Package: dump
Version: 0.4b44-1
Severity: important
Hello,
I am running a restore, and here is output from top:
PID USER PR NI VIRT RES SHR S %CPU %MEM TIME+ COMMAND
11070 root 20 0 7549m 4.2g 284 D 6.3 53.7 831:32.08 restore
The only reason the RSS is so much lower than the VSS is that part of
it has swapped out.
Here's what happens.
On restore, it reads the first 2.7GB or so of the backup, by that
point allocating around 800MB of RAM. It then spends a long time
creating all the directories in the backup set, and as it does so the
RAM usage gradually increases to many GBs. Once it starts creating
files, the RAM is up north of 5GB. As it extracts the dump, the RAM
continues to climb. I had to move the restore process to a different
machine than the server from which it was made, because that system
had only (!) 4GB RAM. Extracting over NFS is working, so far, but
this system has 8GB RAM and the restore is only about 2/3 done at this
point.
The dump in question was made from a filesystem containing 1.8TB of
BackupPC data across about 24 million inodes. BackupPC works with a
hardlink farm, and every backup has a directory skeleton created
(though only the "full" backups have files hardlinked into the storage
pool).
I didn't specifically watch while dump was running, but I would have
noticed if it tried to allocated 8GB RAM.

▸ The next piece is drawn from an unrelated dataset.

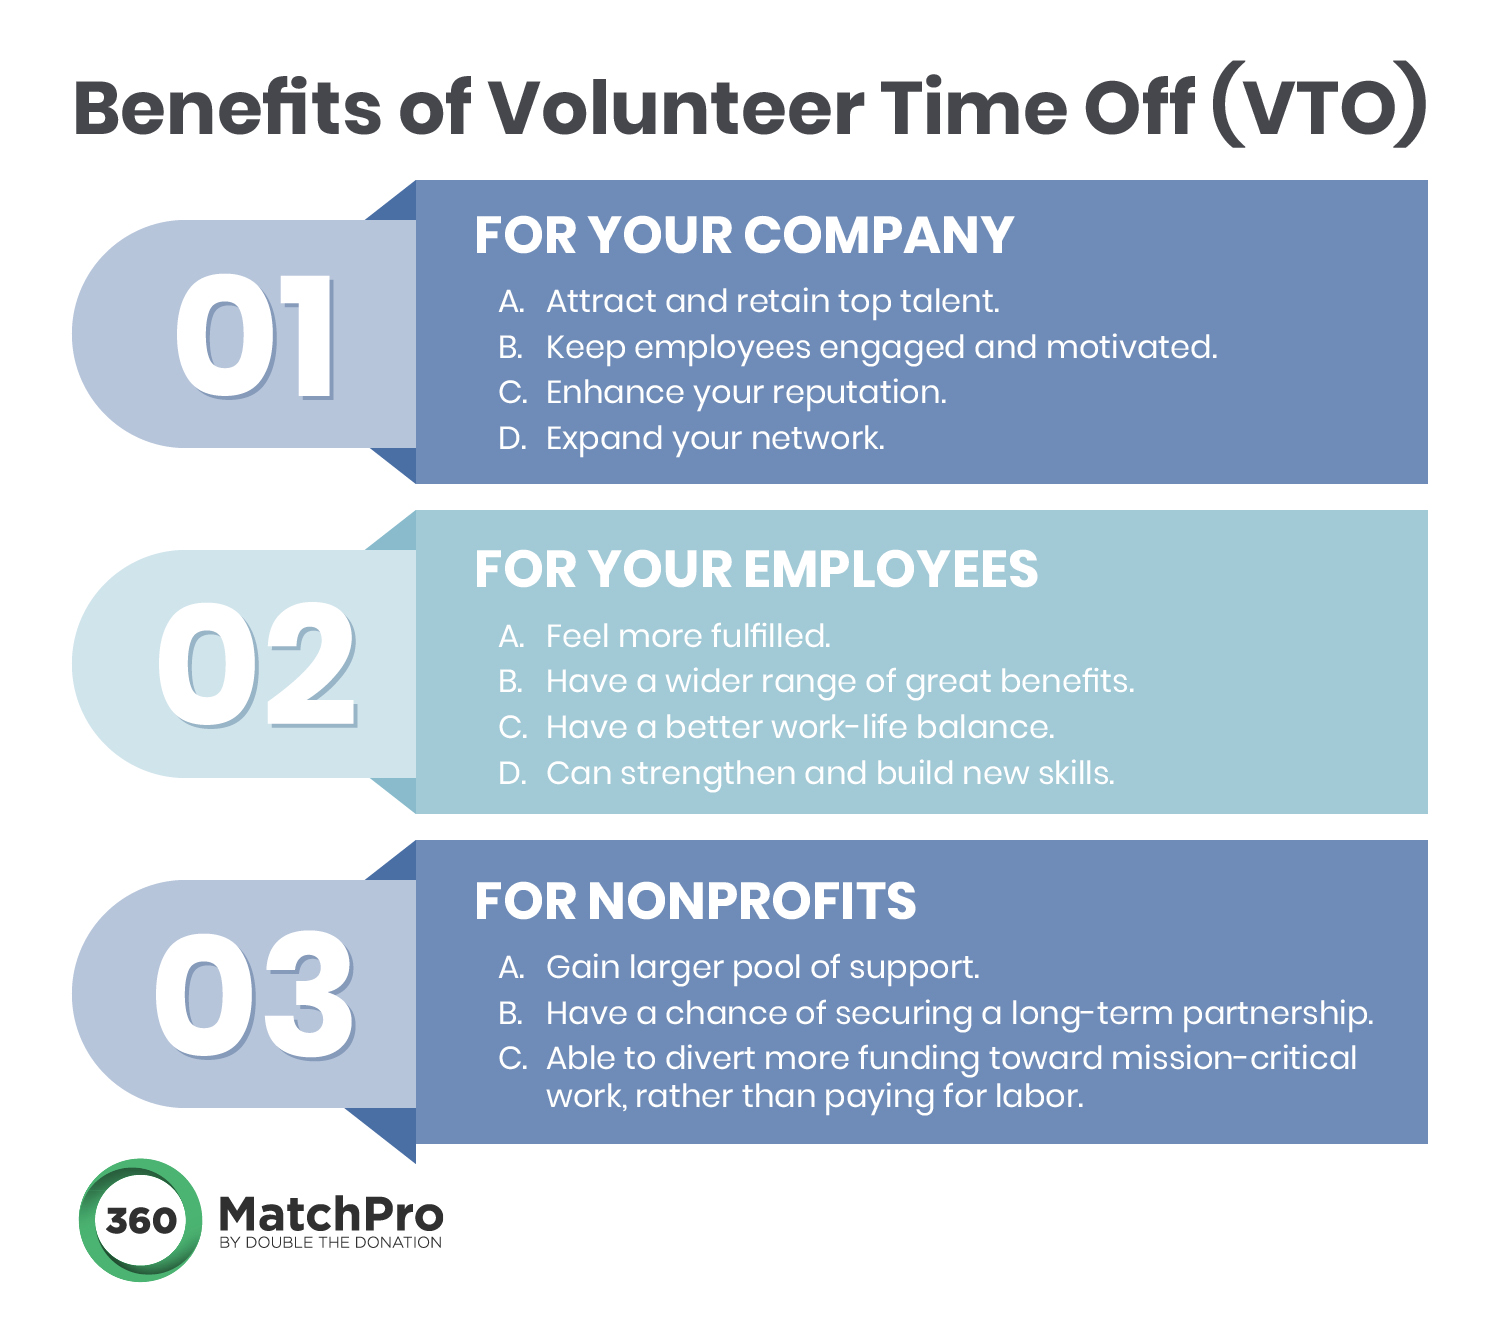 The benefits of volunteer time off programs for your company, employees, and nonprofits (detailed in text below).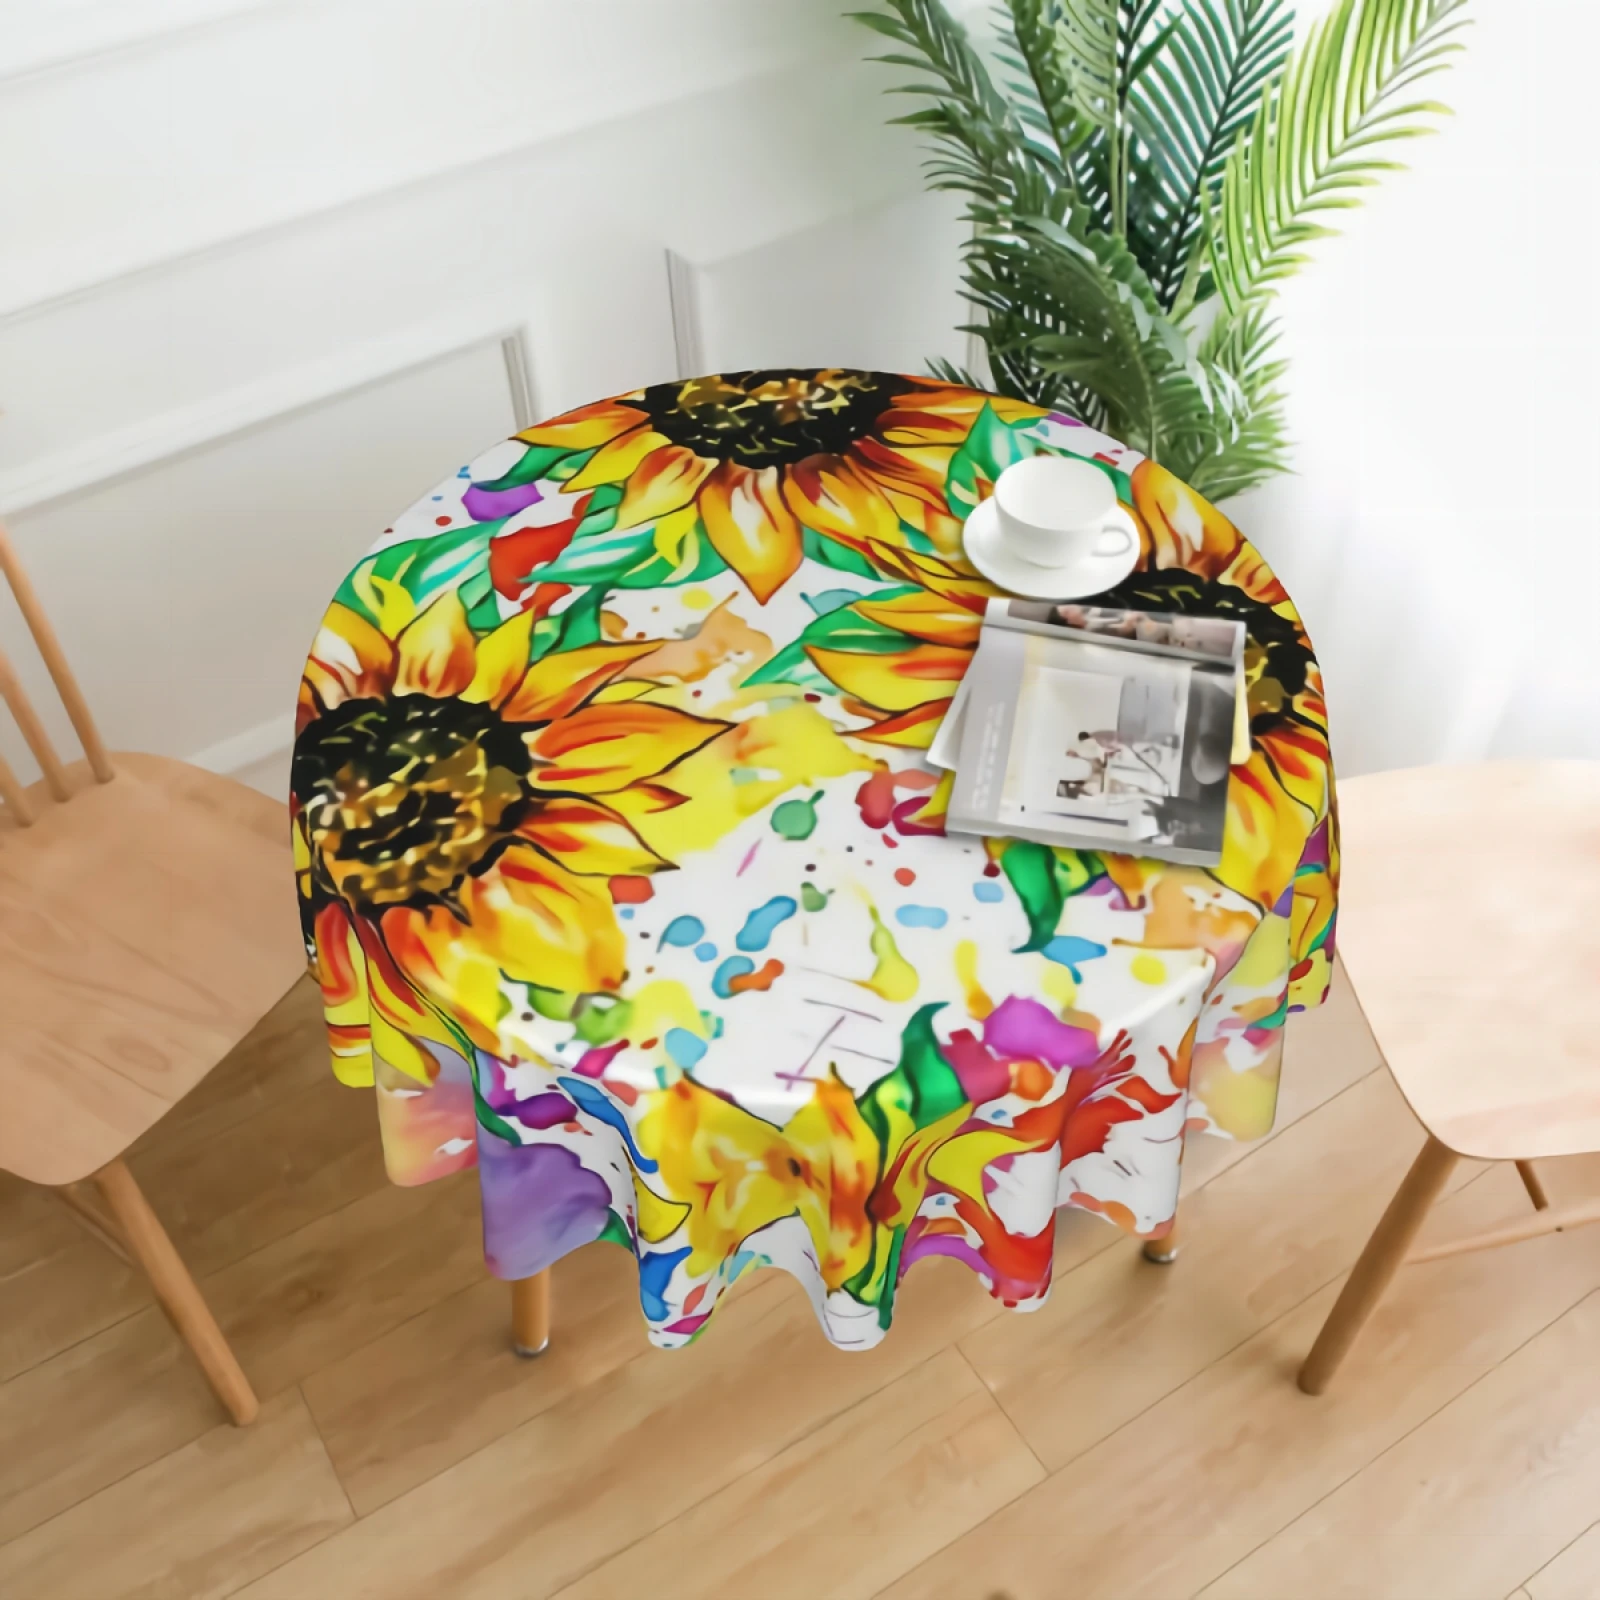 

Watercolor Sunflower Table Cloth Polyester Round Table Cover for Kitchen Dinning Waterproof Wrinkle Free Table Cloths

In addition, restore filled up /tmp because it tried to put 2.8GB
there, causing issues with other programs running on the system.
(Worked around with -T)
I think some people may face a situation where a backup is
unrestoreable because the restore process demands a far beefier system
than the backup process does!
-- System Information:
Debian Release: 7.1
APT prefers stable
APT policy: (500, 'stable')
Architecture: amd64 (x86_64)
Foreign Architectures: i386
Kernel: Linux 3.2.0-4-amd64 (SMP w/4 CPU cores)
Locale: LANG=en_US.UTF-8, LC_CTYPE=en_US.UTF-8 (charmap=UTF-8)
Shell: /bin/sh linked to /bin/dash
Versions of packages dump depends on:
ii e2fslibs 1.42.5-1.1
ii libblkid1 2.20.1-5.3
ii libc6 2.13-38
ii libcomerr2 1.42.5-1.1
ii libncurses5 5.9-10
ii libreadline6 6.2+dfsg-0.1
ii libselinux1 2.1.9-5
ii libuuid1 2.20.1-5.3
ii tar 1.26+dfsg-0.1
dump recommends no packages.
dump suggests no packages.
-- no debconf information
Acknowledgement sent
to Elliott Mitchell <[email protected]>:
Extra info received and forwarded to list. Copy sent to Alexander Zangerl <[email protected]>.
(Fri, 30 Jun 2017 03:15:02 GMT) (full text, mbox, link).
Perhaps there should be a caution about filesystems with large numbers
of i-nodes. Notice the numbers provided are just under 330 bytes for
every i-node.
The current `restore` program no longer acts as the traditional 4.4BSD
`restore` did. Instead of restoring a near-exact image of the filesystem
to a clean filesystem, it has to remap each file to a new i-node. I
think this behavior is a *vast* improvement, but it means large numbers
of i-nodes result in large memory consumption during restore.
In order to perform this task, `restore` has to generate a huge table to
map old i-node numbers to new filenames. 330 bytes per i-node isn't too
bad as far as this goes. Perhaps some optimization can be done, but with
this many i-nodes you're simply bumping into a problem of how small can a
hash-table or tree be yet still perform the needed function.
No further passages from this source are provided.